During the late 19th century, the theory of recapitulation, or Haeckel's biogenetic law, was widely accepted. This theory was often expressed as "ontogeny recapitulates phylogeny", i.e. that the development of an organism exactly mirrors the evolutionary development of the species. The early version of this hypothesis has since been rejected as being oversimplified and misleading. However, modern biology recognizes numerous connections between ontogeny and phylogeny, explains them using evolutionary theory, and views them as supporting evidence for that theory.

See the article on ontogeny and phylogeny.

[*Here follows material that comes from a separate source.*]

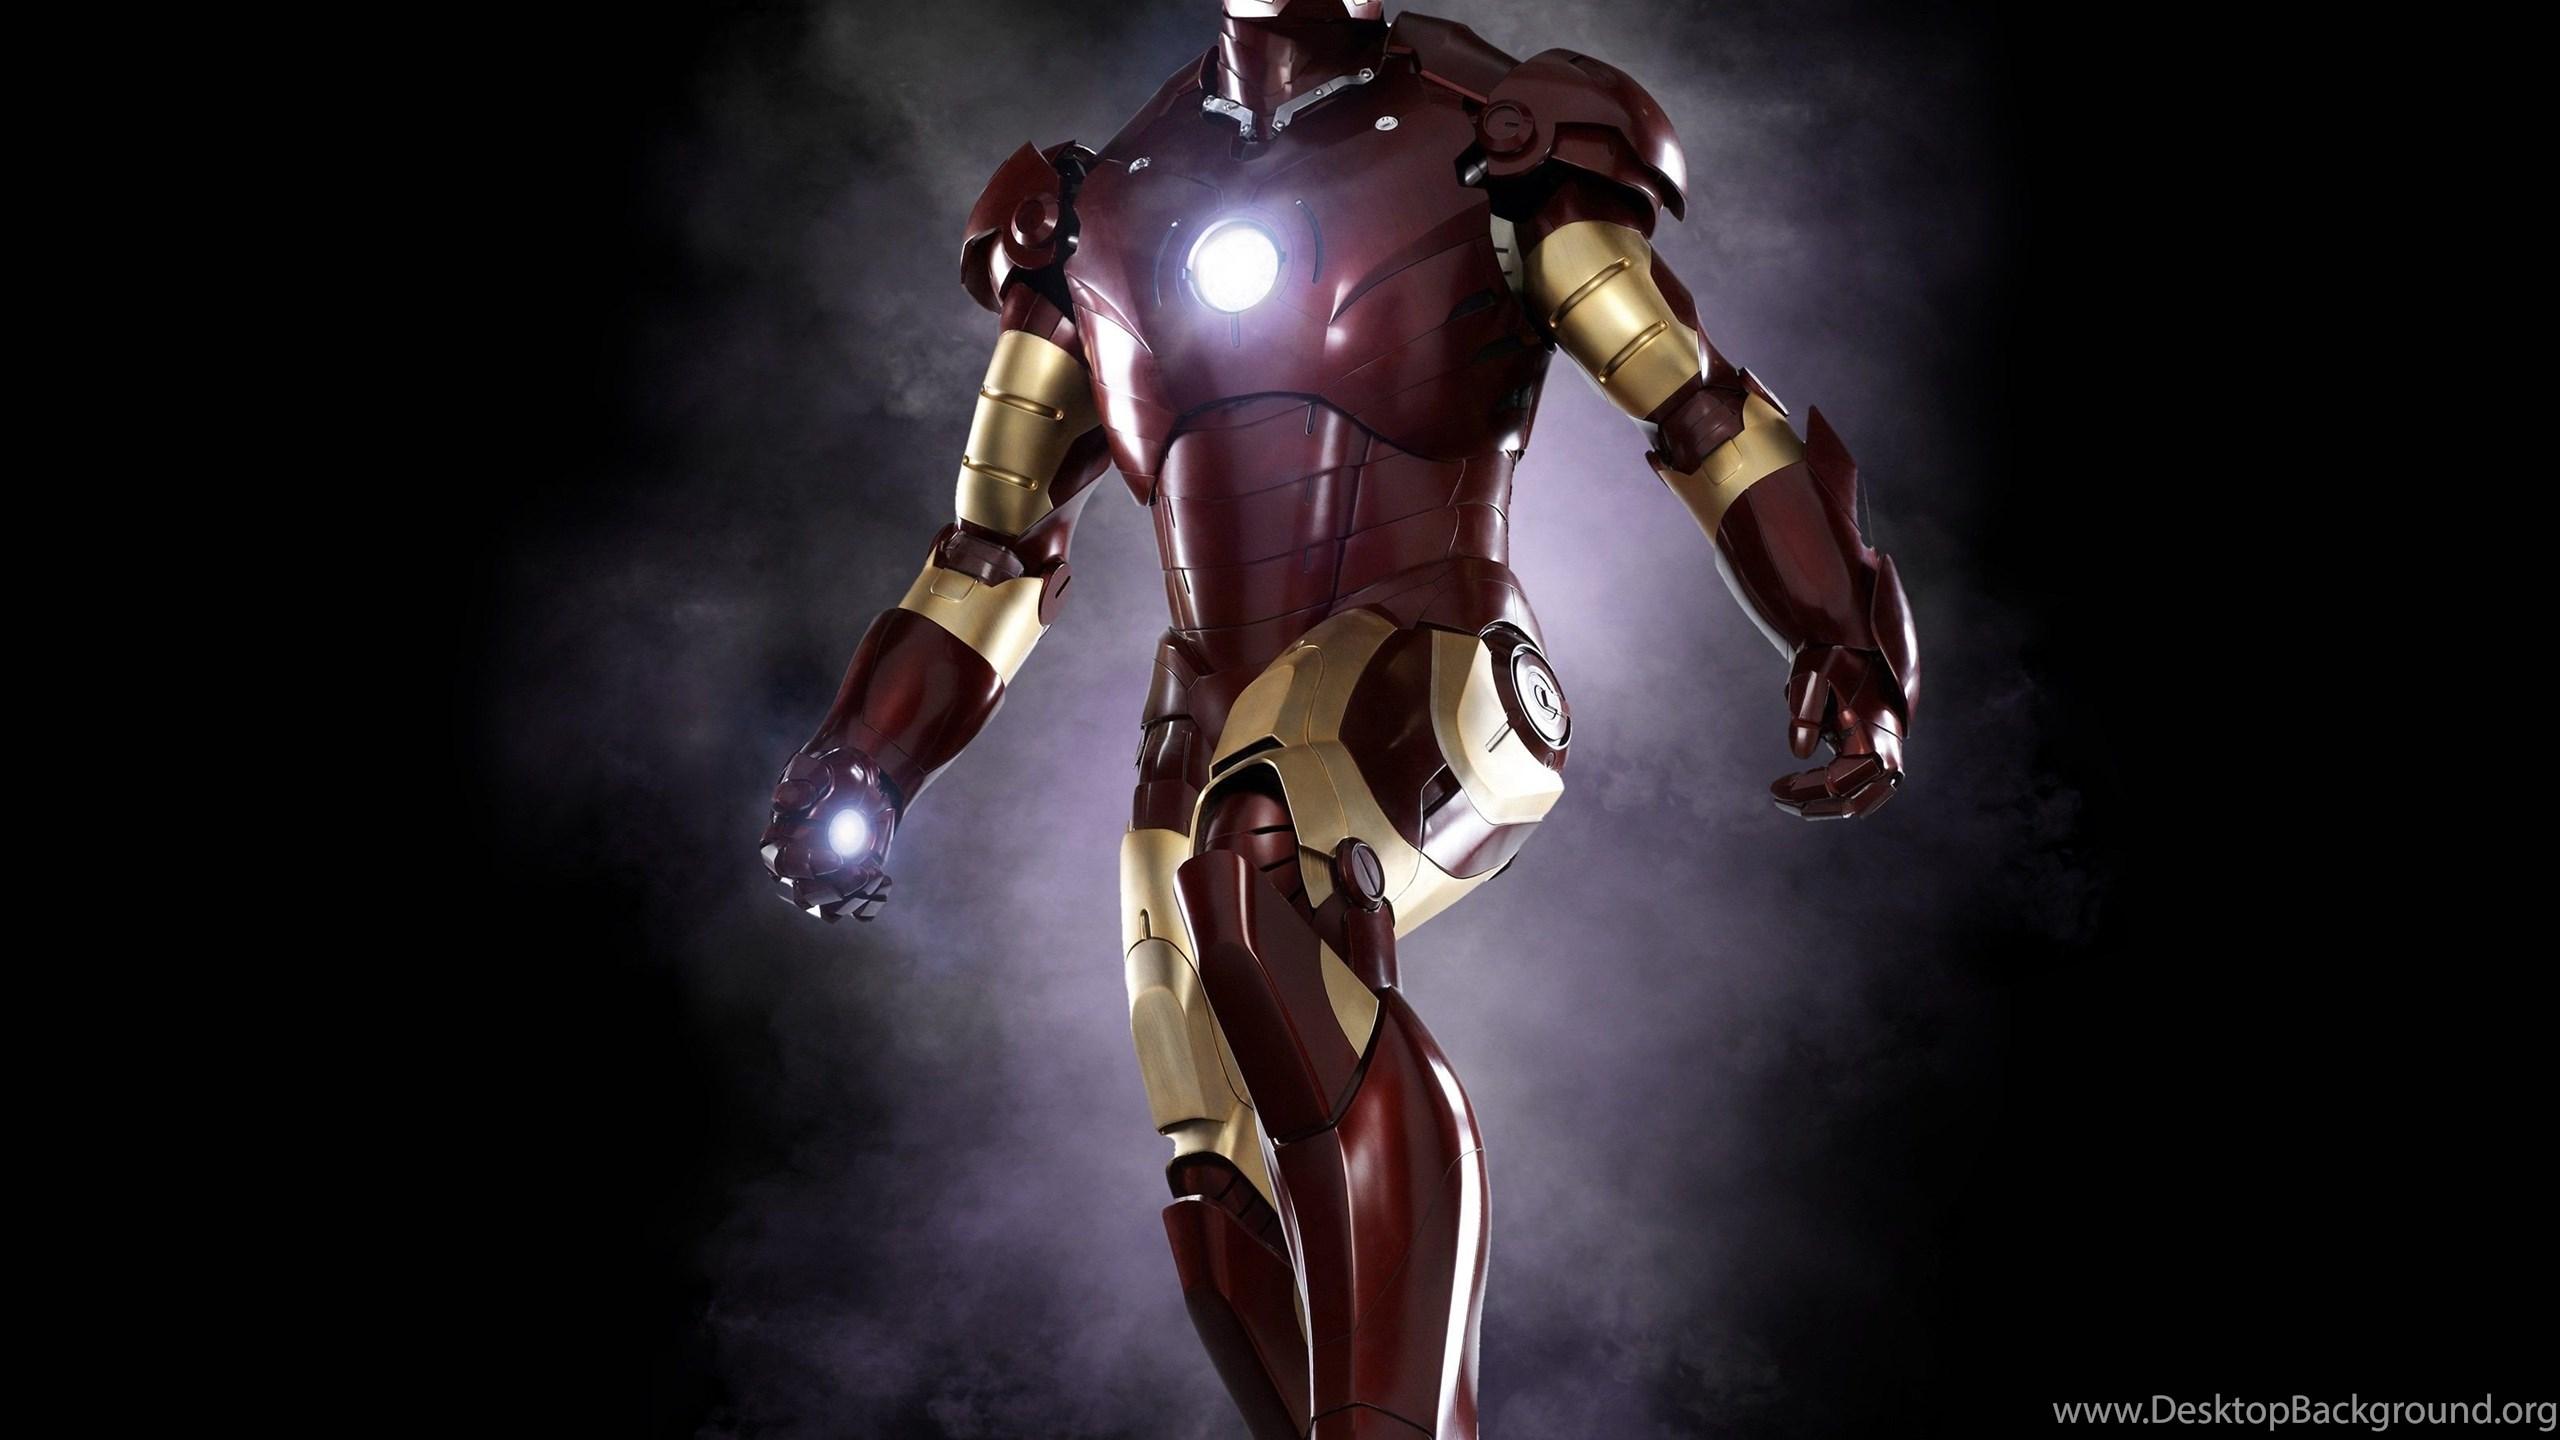 Cool Iron Man Hd Picture Hd Wallpapers Ironman 3d Desktop

=======================================================================================

Can we collaborate on our student projects?
Every student needs to hand in their own project. It should be based on the student's own work. Sources (literature, web pages, other students) need to be clearly indicated. Students should not cut and past from the work of others with out giving credit. Plagiarism represents serious academic misconduct.